Data for review:
================
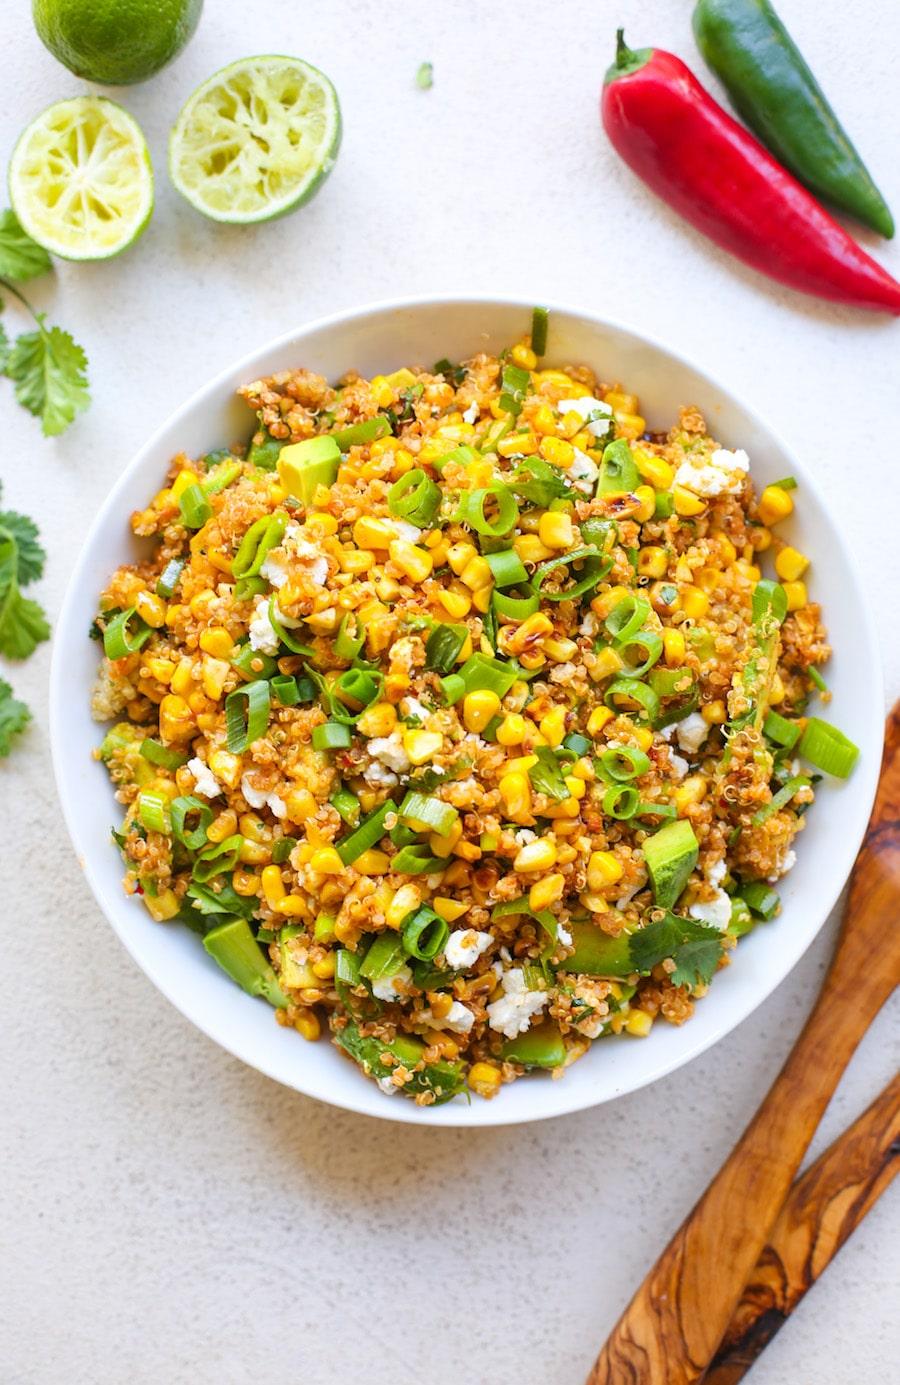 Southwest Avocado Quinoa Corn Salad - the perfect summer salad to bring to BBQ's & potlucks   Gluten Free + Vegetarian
================
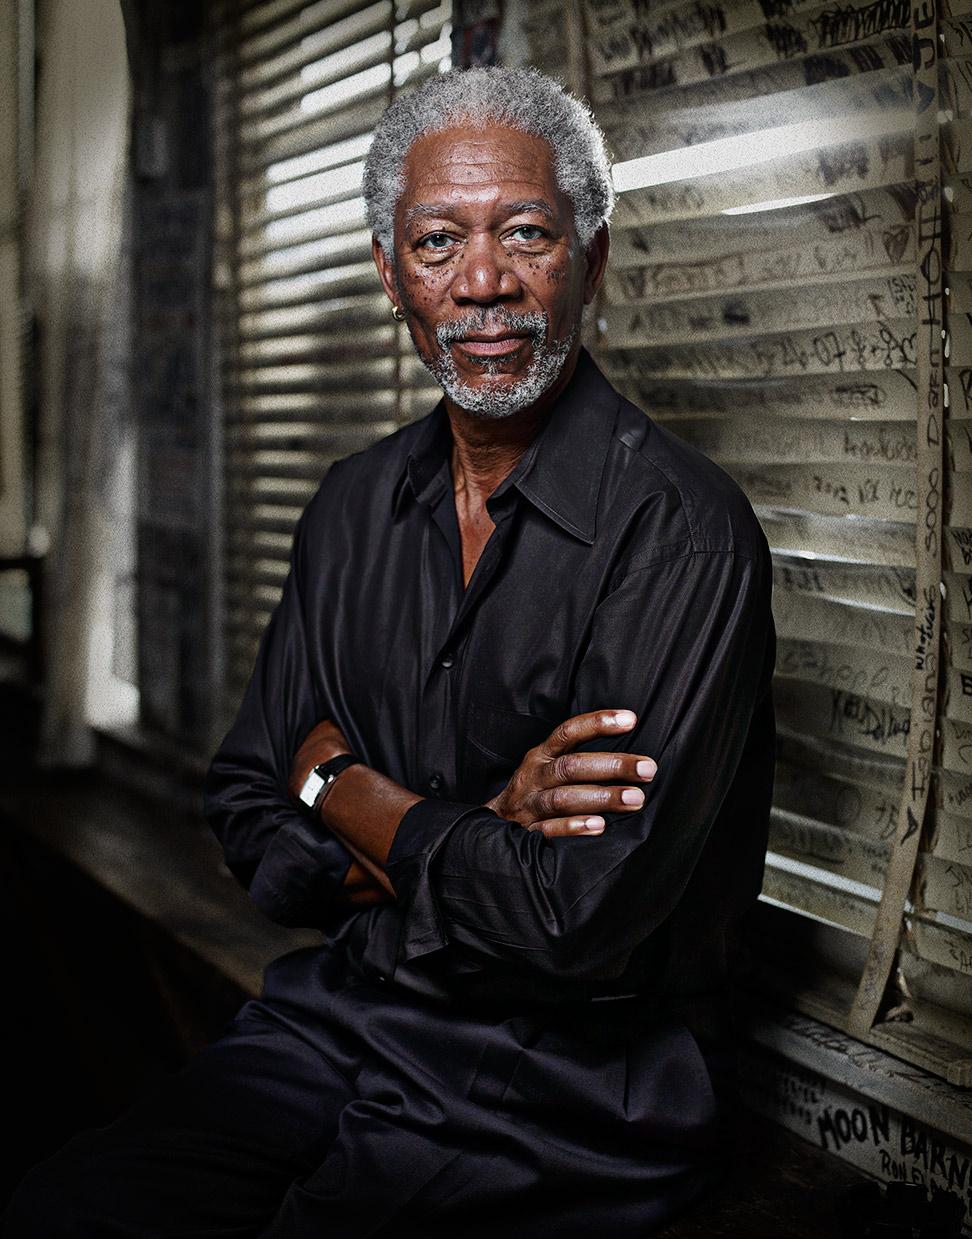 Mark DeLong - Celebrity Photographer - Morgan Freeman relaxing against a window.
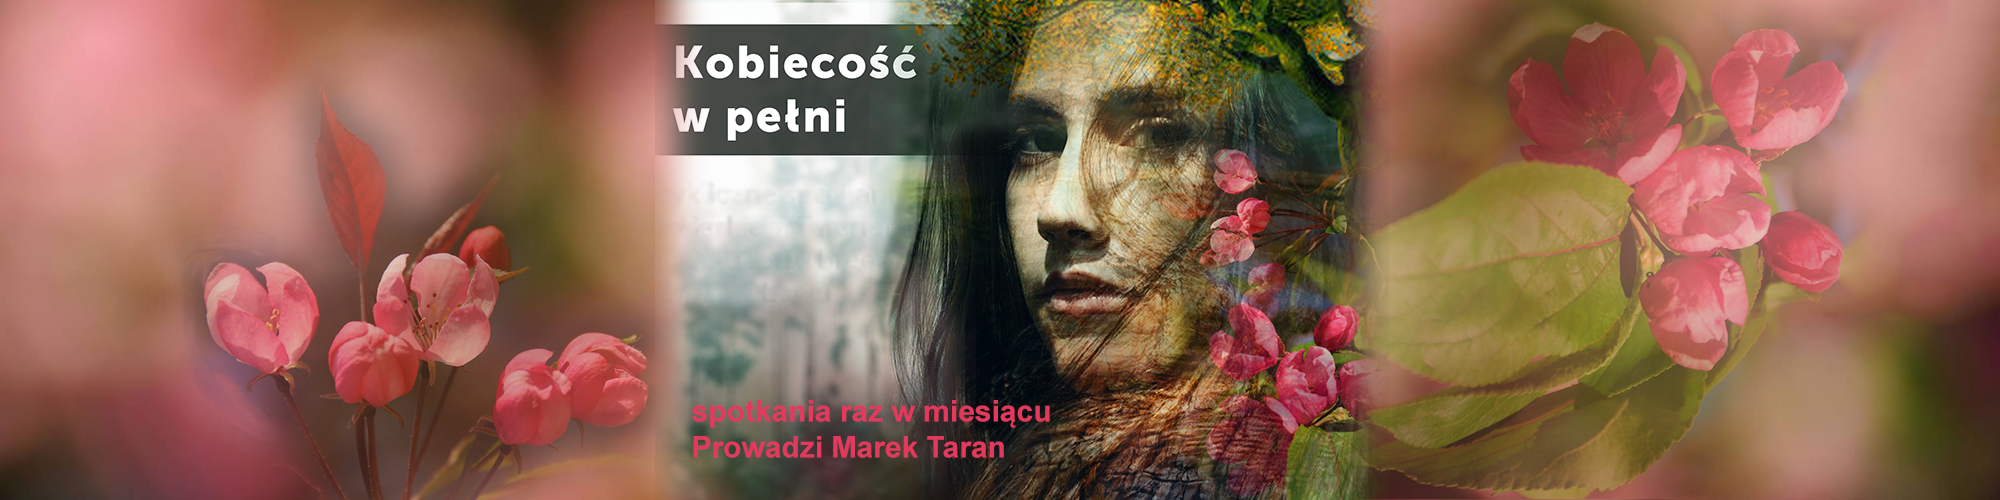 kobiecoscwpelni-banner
================
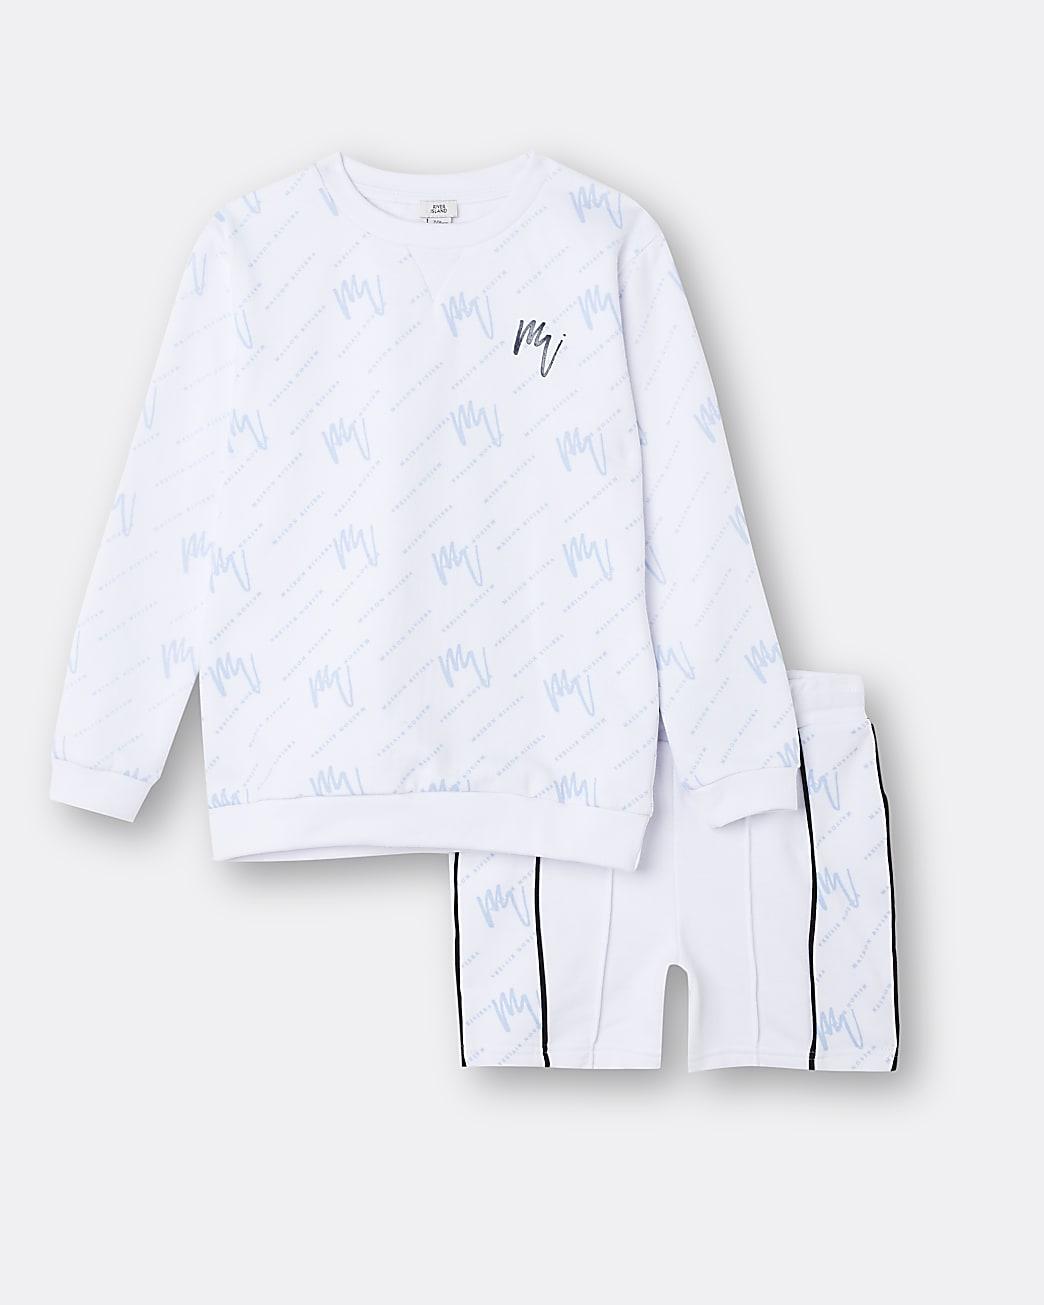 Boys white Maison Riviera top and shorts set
================
Work order: Skip every picture, and restate word for word only the lines above from the line containing "Mark DeLong - Celebrity" to the line containing "kobiecoscwpelni-banner", both of them included.

Exercise answer:
 Mark DeLong - Celebrity Photographer - Morgan Freeman relaxing against a window.
 kobiecoscwpelni-banner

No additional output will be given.